Initial Observations

AWadvs-04

One of the results we were initially concerned about was AWadvs-04 from the ViewPERF 6.1.2 suite. With a standard GeForce3 Ti500 card, this benchmark yields average scores of some 90-95 fps on either platform used. The Ti4600 cards are capable of improving these scores to roughly 100-105 fps. The 3DLabs Wildcat 6110 achieves up to 185 fps and the nVidia Quadro holds the record with some 200 fps. So why did the FireGL 8800 come out with only 42 fps?

The answer is, or the answers are that first of all, we are looking at different versions of AWadvs, the 03 version runs much faster than the 04 version and it is really necessary to pay attention which version is used for the benchmarks.

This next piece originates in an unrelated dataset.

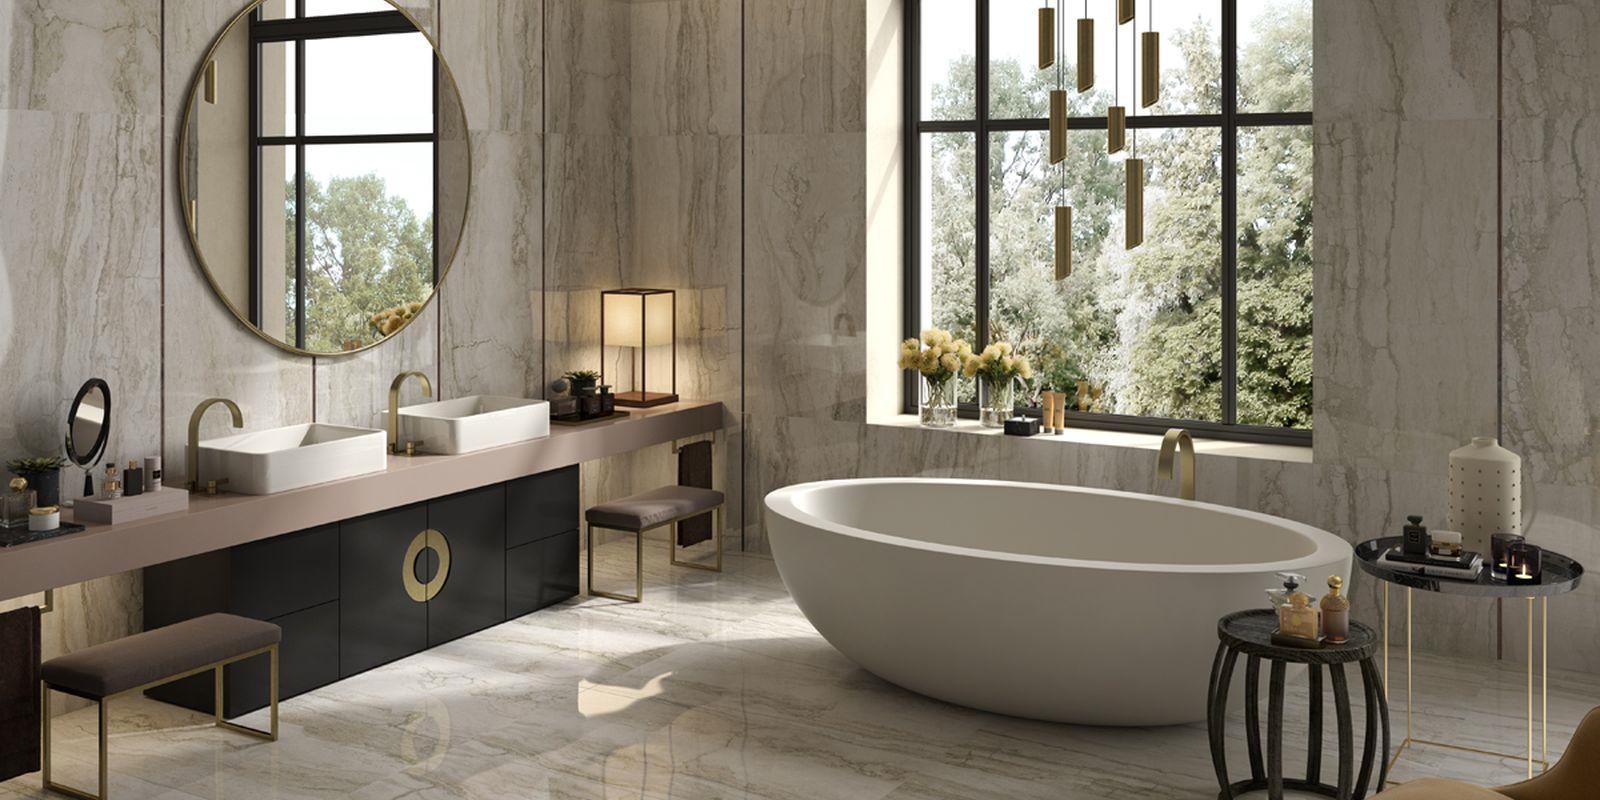 Orobianco la faenza maro ceramiche - Piastrelle per bagno moderno ...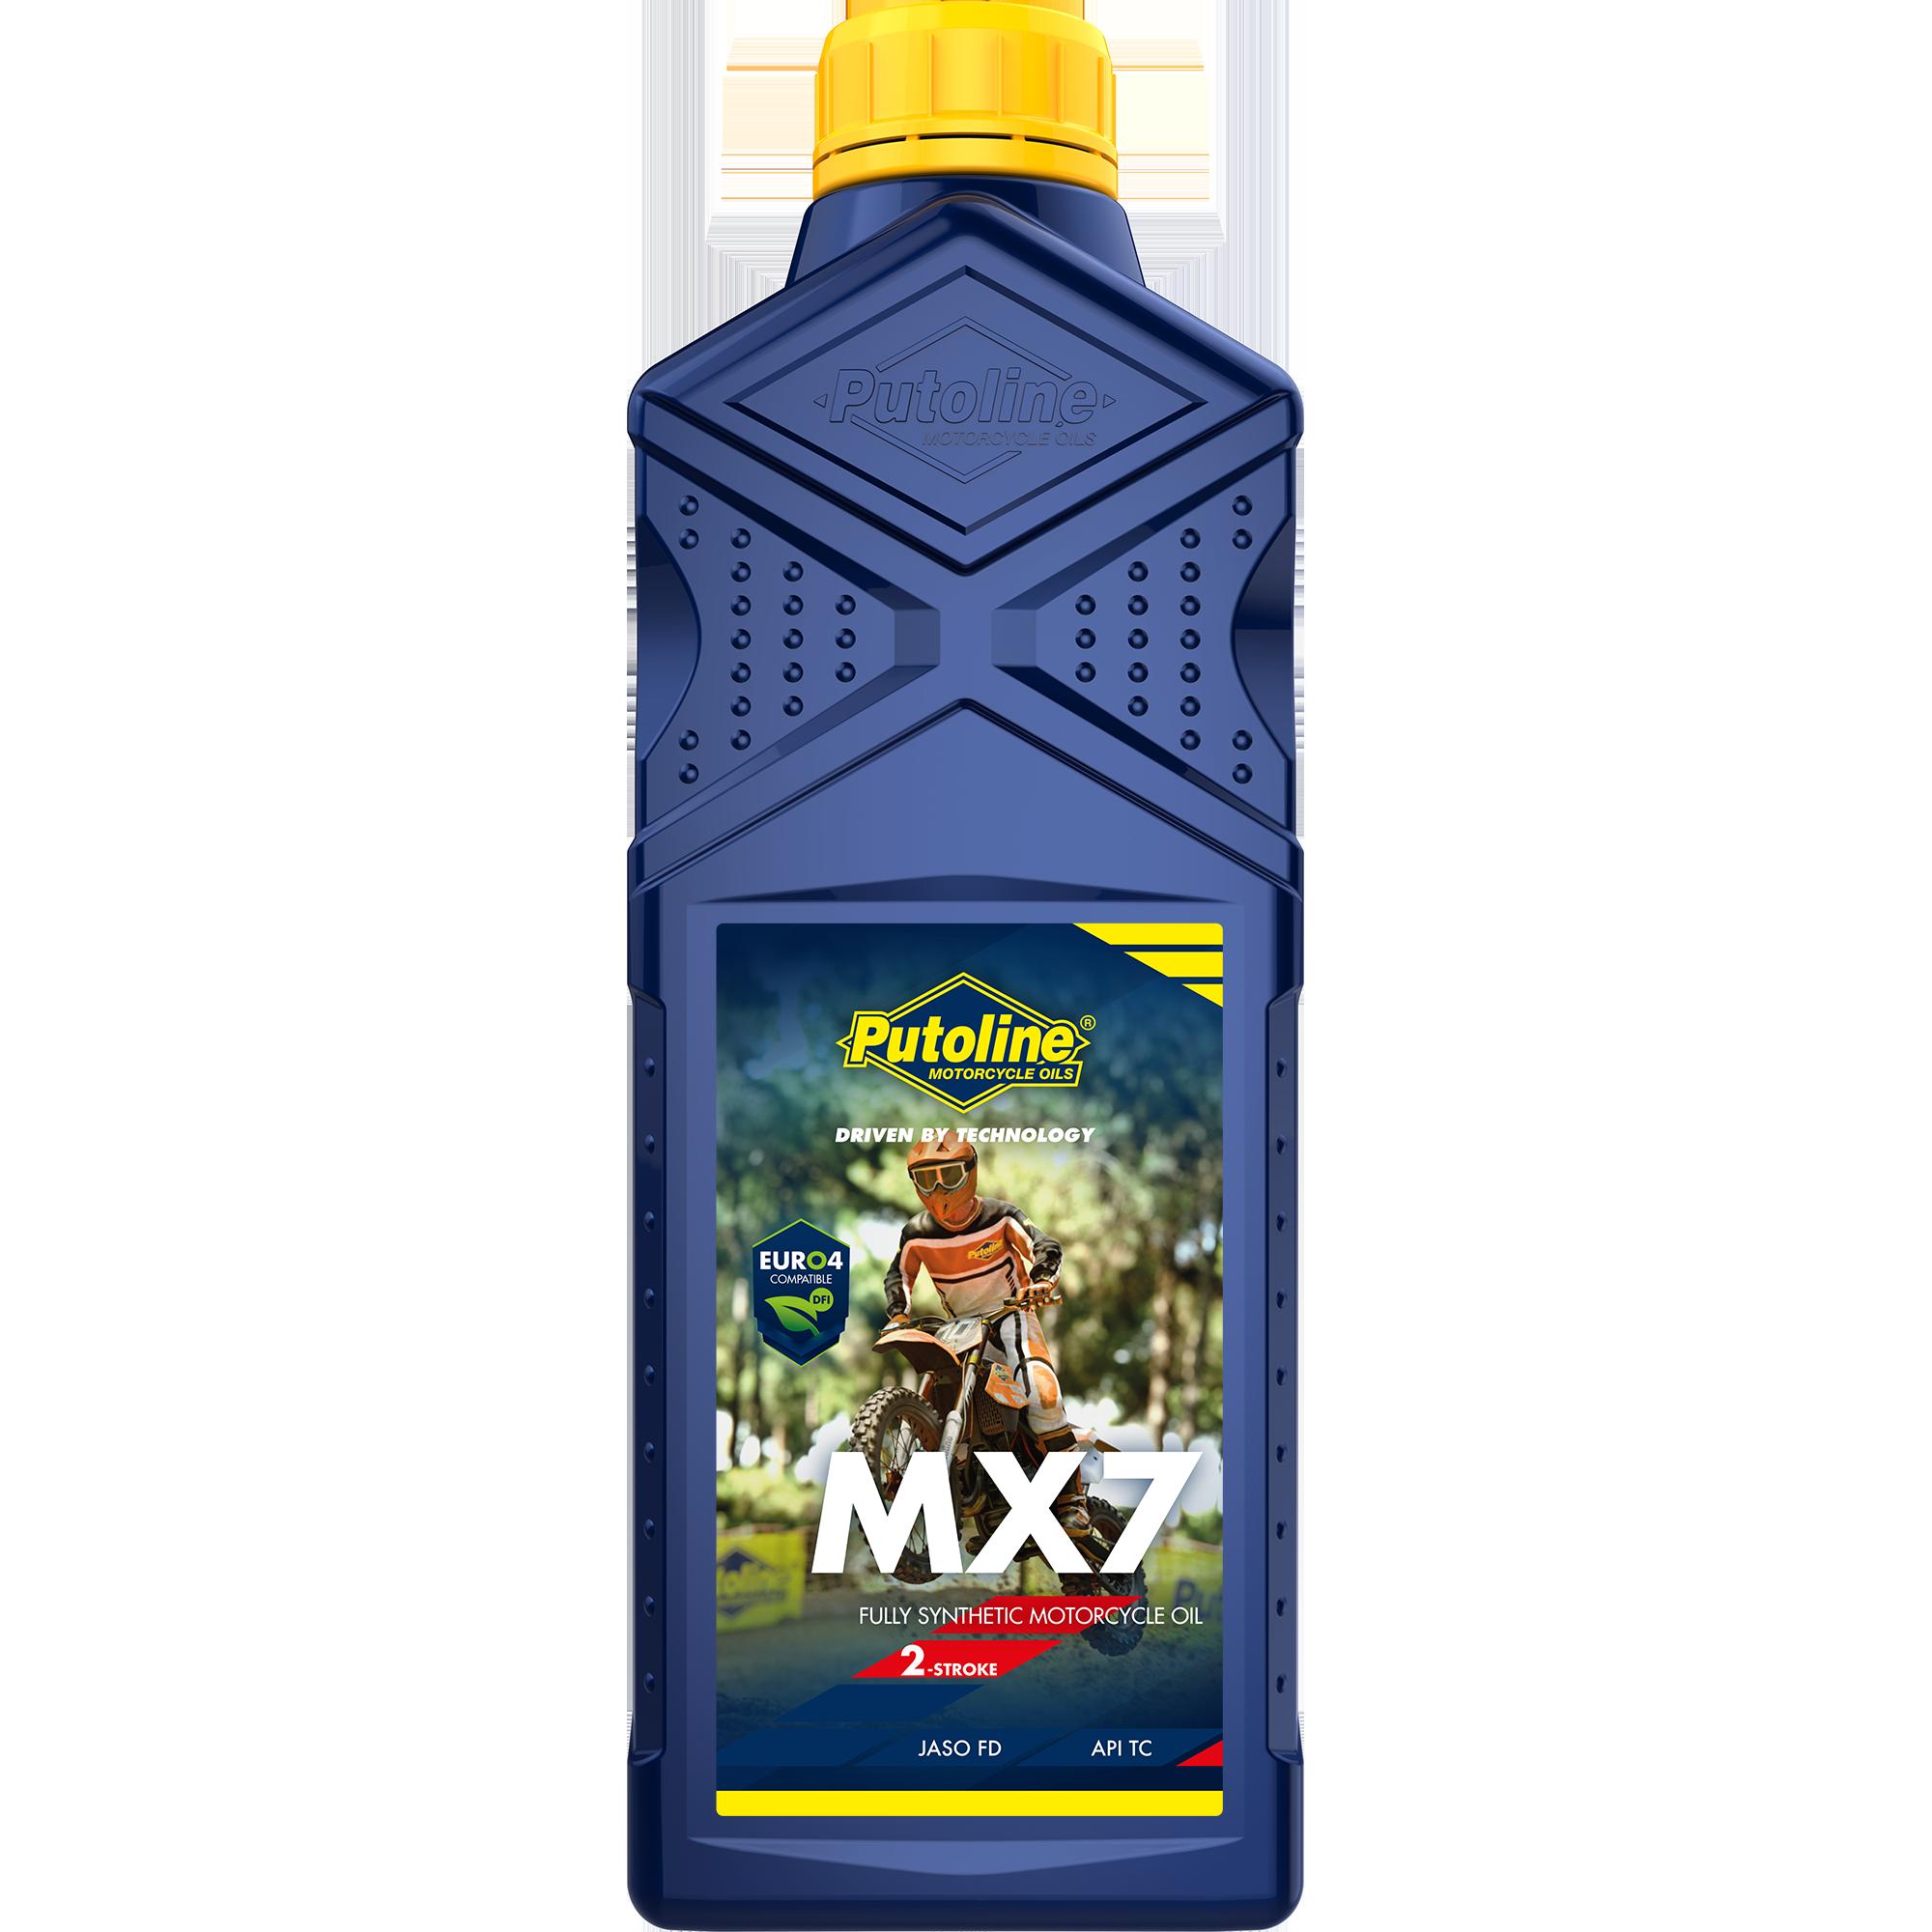 Putoline Motoröl MX7 1L

More important is to look at the individual scores of the subroutines because they are telling a rather interesting story:

Raw fps of the ATI FireGL8800 on the ASUS A7M266D dual AMD platform, using either the 3024 or the 3035 drivers.
Looking at the raw summary scores we see a doubling of performance between the original and the latest drivers but that by itself only tells a very poor story of what is going on. A very simplified version is that the first few runs involve more texturing and, therefore are more sensitive to correct driver implementation regarding the interaction with the AGP interface whereas the later runs appear to depend more on GPU-internal T&L than on memory bandwidth and, therefore reflect more the hardware capabilities.

What is very obvious from this close-up of results is that the new drivers yield up to 450 % of the performance of the older drivers. Granted, there are some issues with this version of AWadvs-04, we have seen some mainboards fail miserably on the first iteration of this benchmark and showing outstanding performance if the benchmark was simply repeated. That is, until the next shut down when the game started all over. In the case of the 3024 drivers, repetition did not improve the situation at all. However, the issue was observed on all platforms we ran this benchmark on. More interesting is that we also observed stability problems, however, those could be solved almost completely by either running the memory at higher speed or else reducing memory latencies, as counterintuitive as this may appear at first glance.

A few years back, we did observe a very similar sitation with the introduction of the AMD K6-2 CXT core where improper placement of the Write Allocation and Write Combine buffers over the local frame buffer of the graphics card caused similar problems. In this case, the issue was remedied either by proper use of the setK6 utility or later with the pioneering drivers from 3DFX that not only solved stability problems but also almost doubled performance. There are many possible issues with drivers and this is just one possibility but the similarity between the scenarios is rather compelling.

So why are we even talking about this? Ati have made themselves a reputation for their original release drivers that "ain't pretty" but that is really not the point. On the contrary, the issue at hand is that with newer driver revisions some real performance improvements can be expected. From some other benchmarks we were running, it does appear as if there is still some margin or potential for even higher performance increases, thus it is worth to check for driver updates.